She grumbles and grunts unintelligibly. There’s some non-specific shuffling, the sound of a hand on the bolt – and then nothing.
‘Queenie?’
What?
‘Are you all right in there?’
Of course I’m all right.
‘I’ve made you a nice cup of tea.’
Put it in the lounge and I’ll drink it later.
‘It’s a shame to let it go cold.’
Why don’t you just go back to the hospital and leave me be?
‘I have to see you first before I go. I have to know that you’re all right.’
Goodness me.
‘This isn’t reasonable behaviour, Queenie.’
Of course it is.
‘I wouldn’t say so. Locking yourself in the toilet for an hour when you have company isn’t reasonable behaviour.’
And you’d know all about it, would you?
‘I do now.’
I don’t know what you’re on about.
‘Look. Here’s the plan. I’ll give you five more minutes to finish off and open the door. If you don’t, I’m afraid I’m going to have to break in.’
You’ll pay for it if you do.
‘I’m afraid you’re leaving me no choice. You’ve got a history of falling, getting stuck and not calling for help. So I’d be failing in my job if I just walked away.’
No you wouldn’t.
‘So I’m giving you five more minutes. After that, I’m going to unscrew the handle and open the door by force.’
It’s a threat easier made than carried out. The screws are all glooped over with paint, and I haven’t got a screwdriver.
‘All right? Five more minutes, and then I’m coming in.’

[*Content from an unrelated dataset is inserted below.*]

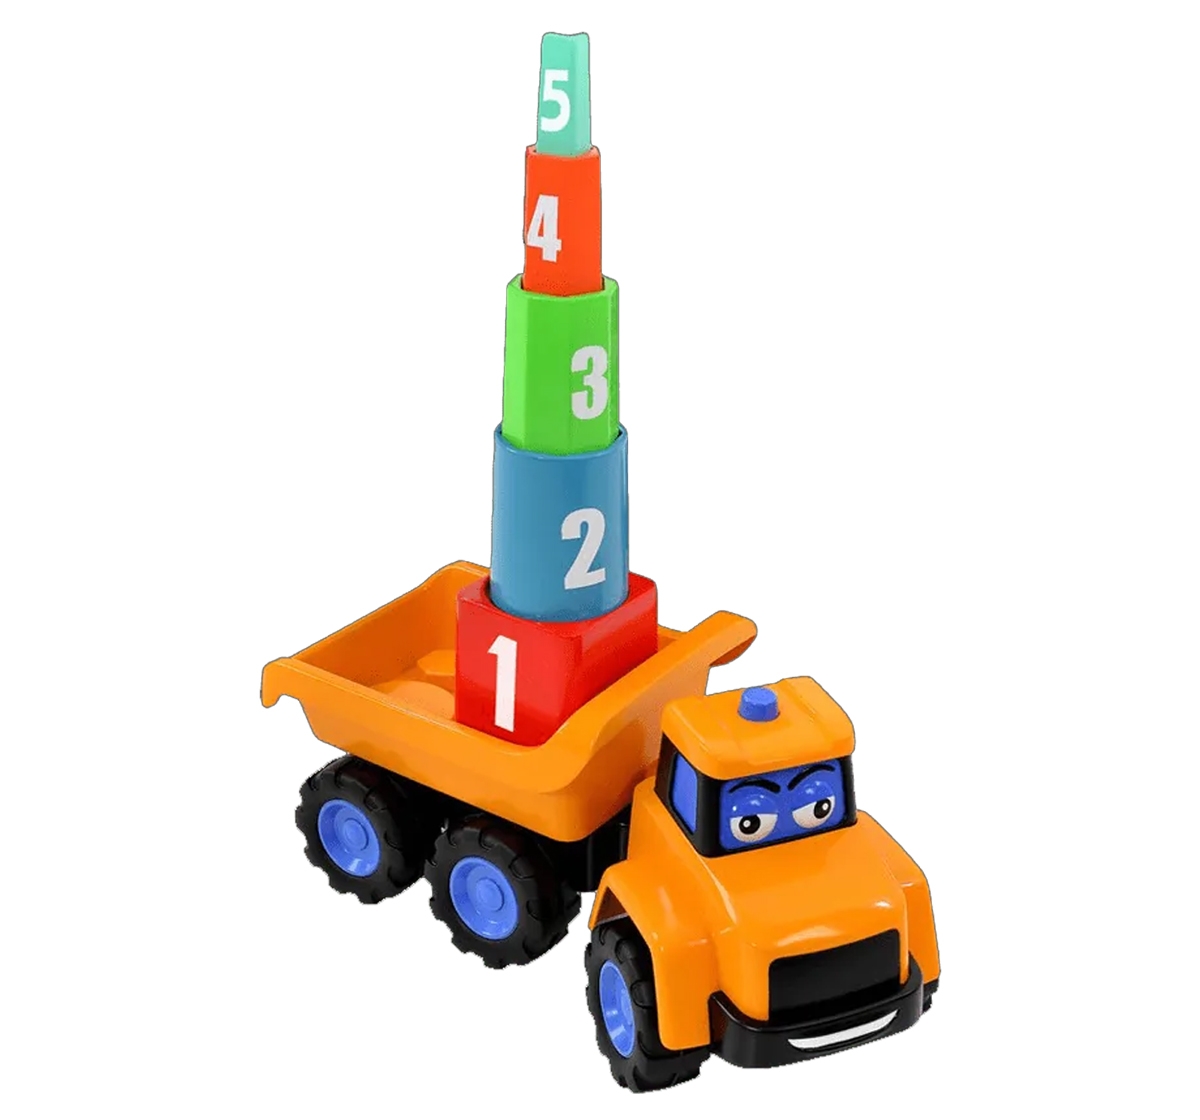 JCB My First stacking Stanley Mega Truck Construction Toys for kids 12M+, Multicolour

I move away into the kitchen, fold my arms, lean back against the sink.
In a picture frame on the window ledge is a black and white picture of a man in a naval uniform. He’s leaning in to the camera with his hat tipped back and a grin like a music hall turn. The kitchen itself is set up like a ship’s galley, optimising the narrow space with a bank of cupboards on one side, and an aluminium work surface facing it. But if it started out ship-shape, it’s spent too long in dry docks now. There are dark cobwebs high up in the corners, and the only clean cups and utensils are the ones on the draining board the carers are washing and reusing.
‘Right! That’s your five minutes up, Queenie. I’m coming in!’
I rattle the handle.sailor
Wait! Just wait!
More shuffling noises, curses and grunts.
‘And don’t flush the…’
The toilet flushes.
A bolt thrown back and the door opens.
‘You can go off people, you know’ she says.

losing track

Mrs Barnes is already washed and dressed, sitting on the end of the bed with a soft and rather bemused expression, like the shoemaker astonished to find all the wonderful things the elves accomplished overnight.
‘Shall we see about some breakfast and your medication, then?’
‘I think I can manage that,’ she says. ‘I’m not doolally.’
But half way down the stairs she stops and turns round.
‘What are we doing?’
‘Going down to the sitting room. To get some breakfast.’
‘Right-oh.’
And on we go.

The old place feels more like a house of doors than rooms. It has an eery, abandoned feeling, as if I’d closed my eyes for a second, every door had slammed shut, and the echo had run on through the years.
‘Here we are,’ I say, opening the door to the lounge.
She shakes her head sadly, and lumbers bad-hip first towards her favourite chair.
‘Ahh!’ she says, dropping back into it and caressing then tapping the armrests. ‘Lovely. Now then. Who are you and what do you want?’

*

With everything done I sit opposite Mrs Barnes, filling in the yellow sheet.
‘Where are you off to now?’ she says, sipping her tea.
‘The middle of town.’
‘That’ll be nice.’
‘So if there’s nothing more I can do for you, I’ll be off.’
‘Thank you for coming,’ she says. ‘I do appreciate it.’
‘You’re welcome. And don’t worry. I’ll put the key back in the key safe.’.
‘What key?’
‘This one. The one I used to let myself in this morning.’
‘And where are you going to put it?’
‘I’ll show you, if you like.’
She follows me to the front door. I demonstrate the keysafe, tucked away down to the right of the door, by a desiccated fuchsia in a cracked plastic pot.
‘The key goes in here like this – and then when anyone needs to use it, like the carers or the ambulance – God forbid – they can just fish it out. See? It’s all perfectly safe.’
‘If you say so.’
‘Loads of people have them. But don’t worry. You don’t need to have anything to do with it.’
‘Righto.’
‘Bye then, Mrs Barnes. Lovely to see you.’
‘Lovely to see you, too. Take care.’

I turn round at the top of the path expecting to see the door closed, but Mrs Barnes is still standing there, looking around. I wave to her. She stares in my direction and doesn’t react at all.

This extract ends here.